Ledakan Kilang Minyak Ilegal di Nigeria Tewaskan 37 Orang

Jakarta, IDN Times - Ledakan dan kebakaran di kilang minyak ilegal di wilayah Delta Niger, Nigeria menewaskan puluhan orang. Di antara korban adalah perempuan hamil.
Ledakan terjadi pada Senin (2/10/2023) di distrik Emohua di negara bagian River. Di wilayah tersebut banyak ditemui kilang ilegal. Menurut warga, jumlah korban tewas kemungkinan akan bertambah karena banyak jenazah hangus dan puluhan orang terluka.
Polisi telah mengonfirmasi insiden tersebut, namun tidak memberikan rincian detail. Sementara, penduduk mengatakan sebagian besar orang yang meninggal bekerja di kilang ilegal, yang berada di desa Rumucholu.
“Kebakaran terjadi pada larut malam, 18 korban terbakar hingga tidak dapat dikenali lagi, sementara 25 orang yang terluka berhasil diselamatkan,” kata juru bicara Korps Keamanan dan Pertahanan Sipil Nigeria setempat, Olufemi Ayodele.
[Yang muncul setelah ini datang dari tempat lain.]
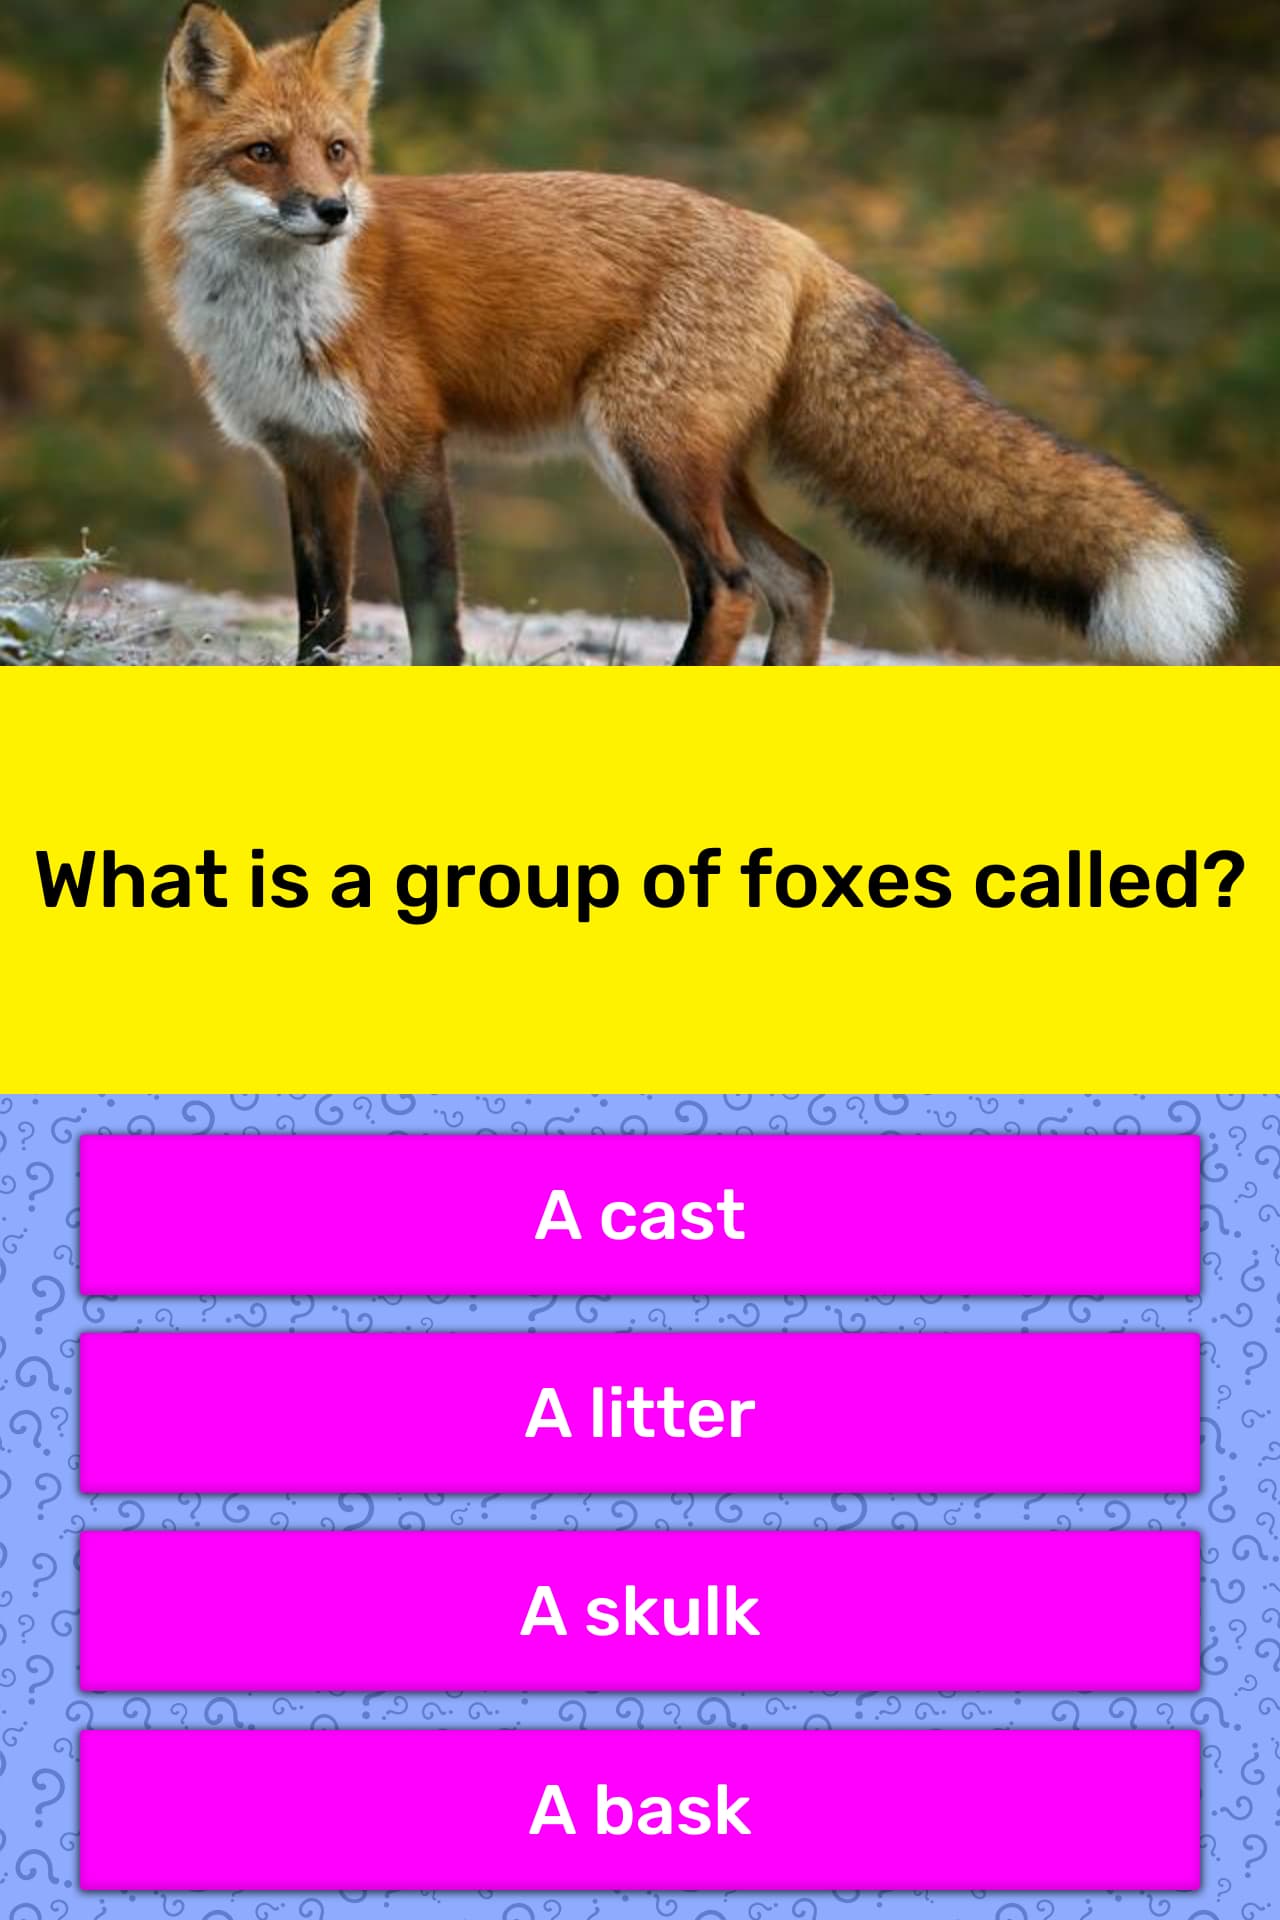 What is a lot of foxes called?

“Sebagian besar korban adalah remaja, seorang wanita hamil dan seorang wanita muda yang sedang bersiap-siap untuk upacara pernikahannya bulan depan. Semuanya menjadi korban,” tambah Ayodele, dikutip Al jazeera.
1. Korban bertambah menjadi 37 orang
Sementara itu, Reuters melaporkan sebanyak 37 orang tewas dalam kobaran api.
“35 orang terjebak dalam api. Dua orang yang beruntung bisa melarikan diri juga meninggal pagi ini (Selasa) di rumah sakit,” kata kepala keamanan masyarakat, Rufus Welekem, kepada Reuters.
Penyulingan yang dilakukan secara ilegal sudah menjadi hal wajar di wilayah Delta Niger, yang dikenal dengan kaya minyak. Kemiskinan telah membuat penduduk setempat memanfaatkan jaringan pipa untuk membuat bahan bakar guna dijual kembali.
Praktik merebus minyak mentah dalam drum, dengan cara yang sederhana untuk mengekstrak bahan bakar, kerap berakibat fatal bagi pekerja.
Saat kejadian, para pekerja di lokasi sedang memurnikan minyak yang diambil dari pipa yang dirusak. “Ketika mereka menyendok dari tempat mereka merusak pipa, mereka akan menuju ke tempat mereka memasak. Itulah sebabnya api sampai ke sana,” kata seorang aktivis setempat, Chima Avadi.